Preparing data for machine learning algorithms (Machine Learning Study 8)

This article is still based on the previous two articles!

Attribute combination experiment

Hopefully the previous sections gave you an idea of ​​a few ways to explore your data and gain insights. You discovered some data quirks that you might want to clean before feeding it to the machine learning algorithm, and you discovered interesting correlations between attributes, especially with the target attribute
correlation between. You also notice that some attributes have right-skewed distributions, so you may need to transform them (for example, by taking their logarithms or square roots). Of course, your mileage will vary greatly with each project, but the general idea is similar.

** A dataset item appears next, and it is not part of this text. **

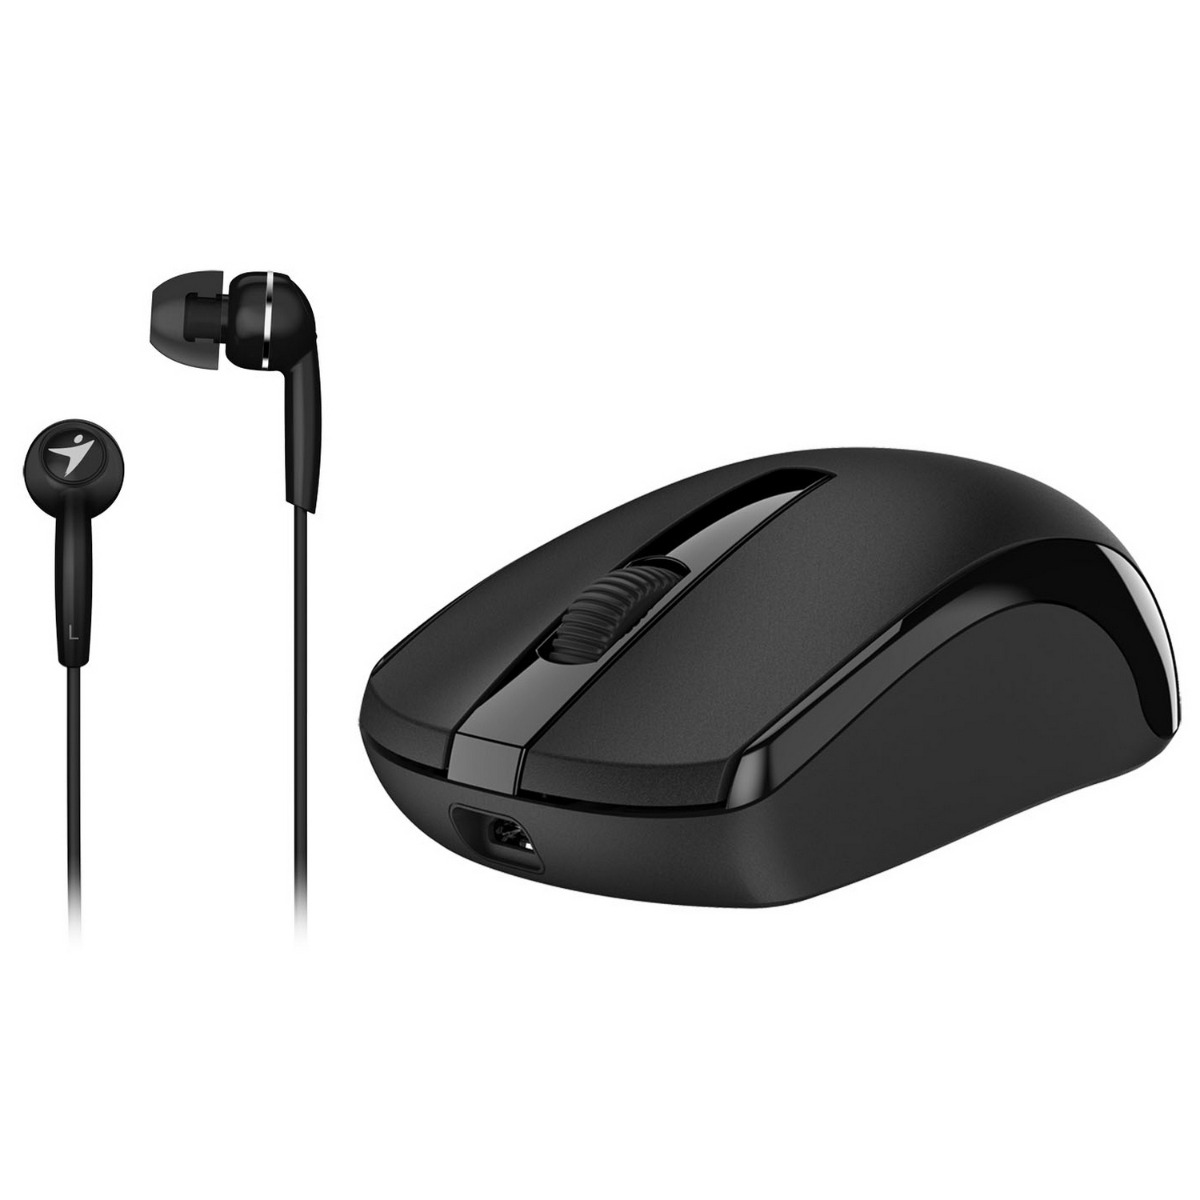 Genius Wireless Mouse + Headset (Black) MH-8100

The last thing you may want to do before preparing your data for a machine learning algorithm is to try various attribute combinations. For example, the total number of rooms in an area isn't very useful if you don't know how many residents there are. What you really want is the number of rooms per home. Likewise, the total number of bedrooms is not very useful on its own: you may want to compare it with the number of rooms. The population per household also seems to be an interesting mix of attributes. Create these new properties as follows:

housing["rooms_per_house"] = housing["total_rooms"] / housing["households"]
housing["bedrooms_ratio"] = housing["total_bedrooms"] / housing["total_rooms"]
housing["people_per_house"] = housing["population"] / housing["households"]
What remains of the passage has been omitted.